___ INPUT DATA ___

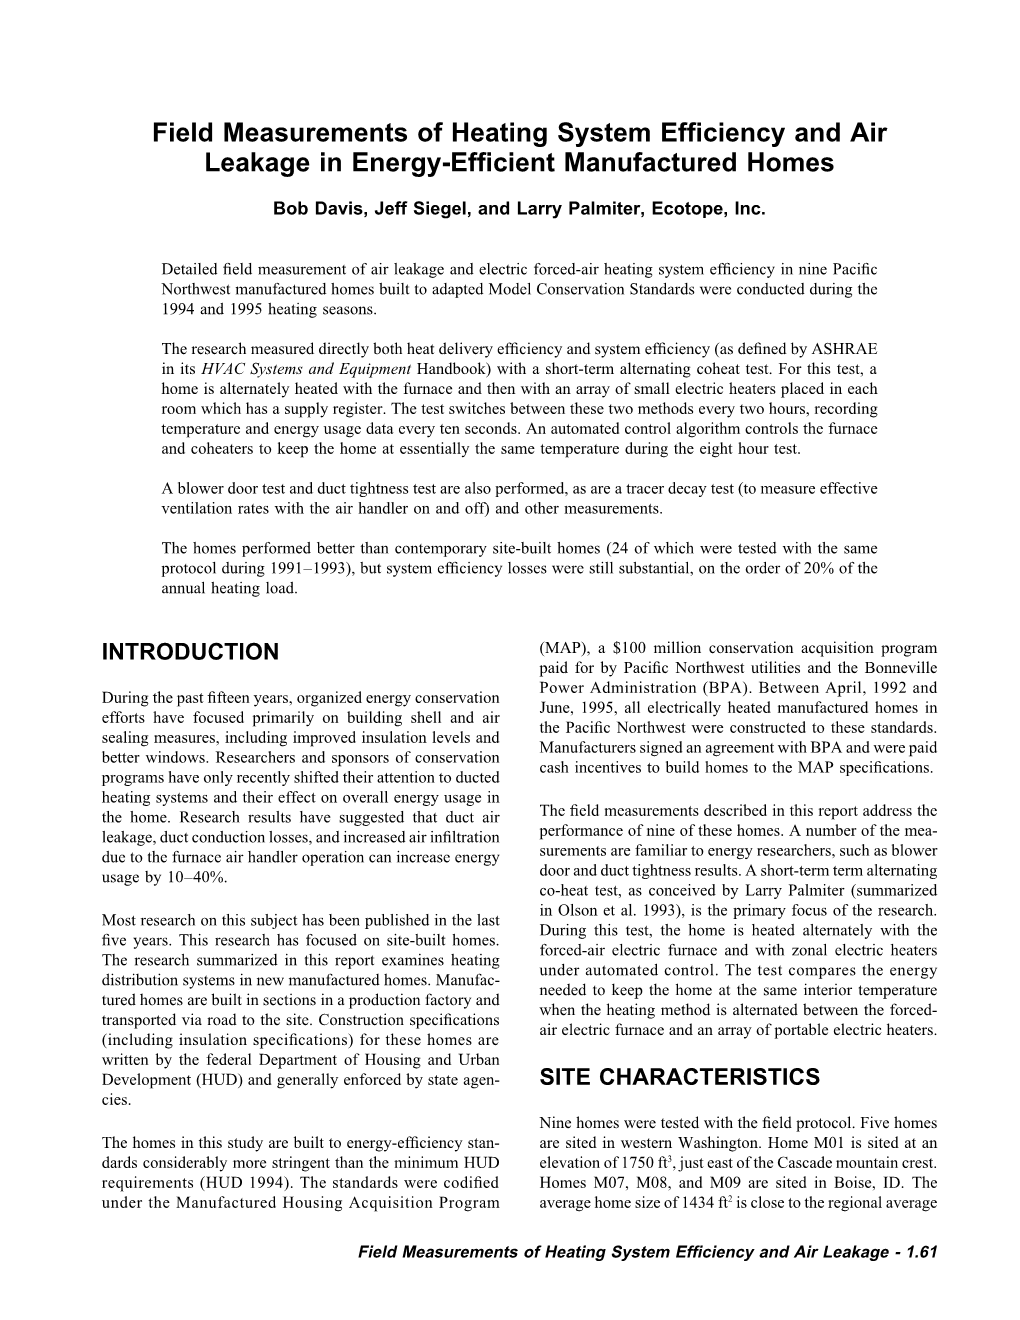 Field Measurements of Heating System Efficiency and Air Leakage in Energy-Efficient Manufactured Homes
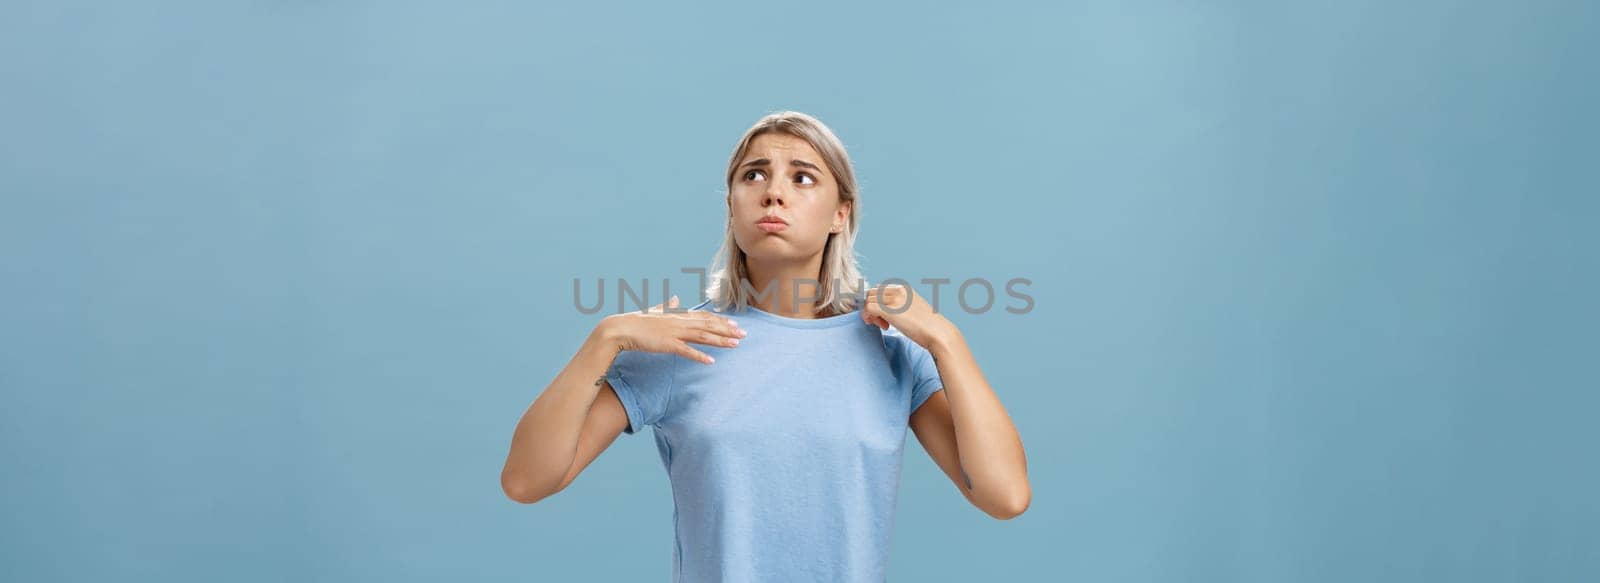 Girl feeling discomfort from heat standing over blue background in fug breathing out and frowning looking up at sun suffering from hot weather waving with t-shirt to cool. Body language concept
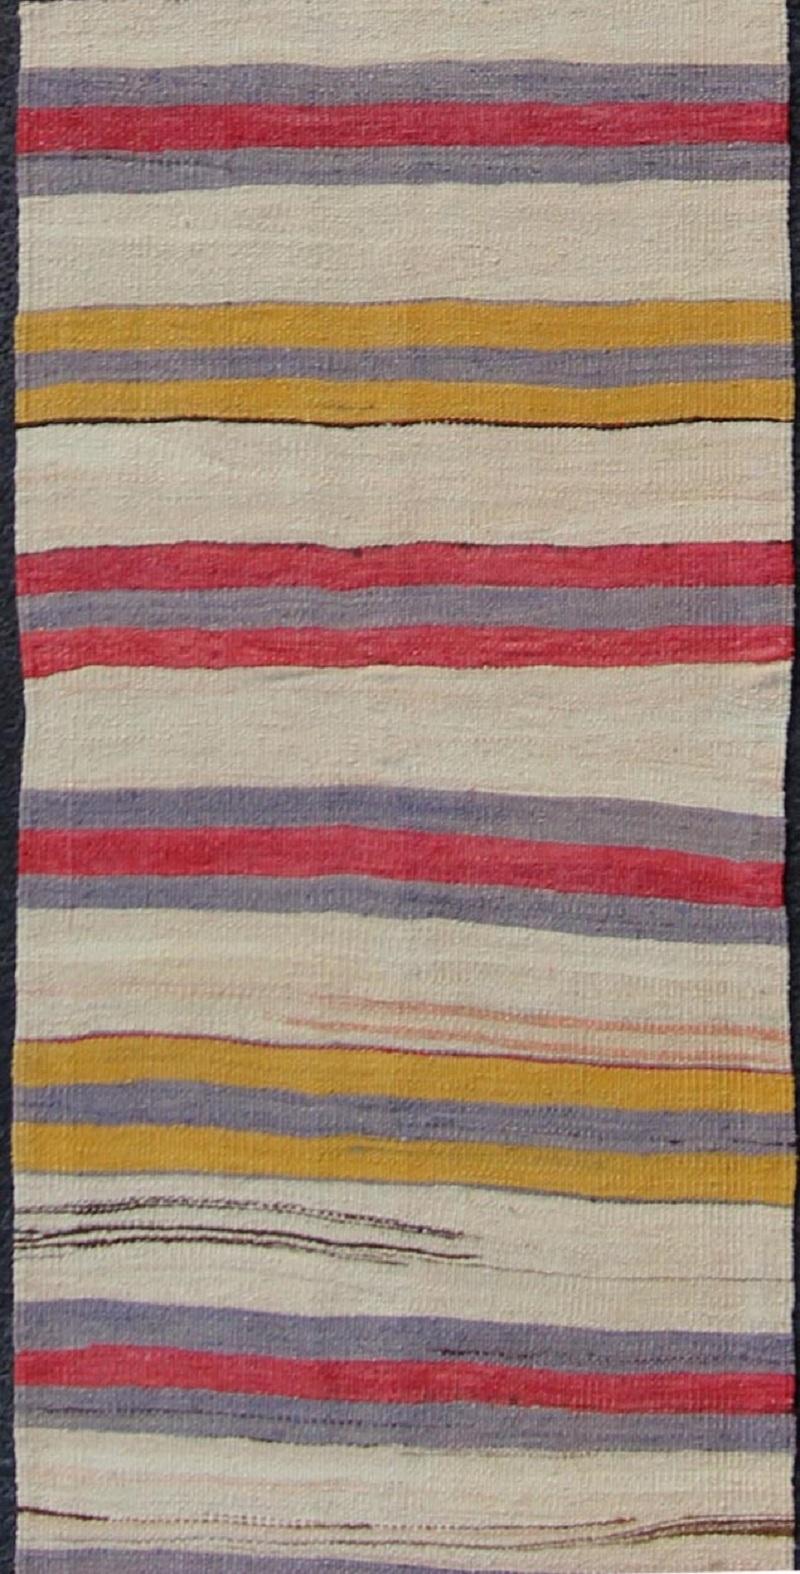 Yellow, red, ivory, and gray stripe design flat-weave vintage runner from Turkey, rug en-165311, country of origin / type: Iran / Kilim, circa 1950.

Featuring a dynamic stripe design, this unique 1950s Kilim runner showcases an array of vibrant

___

* _DESCRIPTION OF THE TASK_: An exact copy of the lines above, from the first through the line that holds "Girl feeling discomfort", is what is needed; leave the pictures out.

* _SOLVED EXERCISE_:
 Field Measurements of Heating System Efficiency and Air Leakage in Energy-Efficient Manufactured Homes
 Girl feeling discomfort from heat standing over blue background in fug breathing out and frowning looking up at sun suffering from hot weather waving with t-shirt to cool. Body language concept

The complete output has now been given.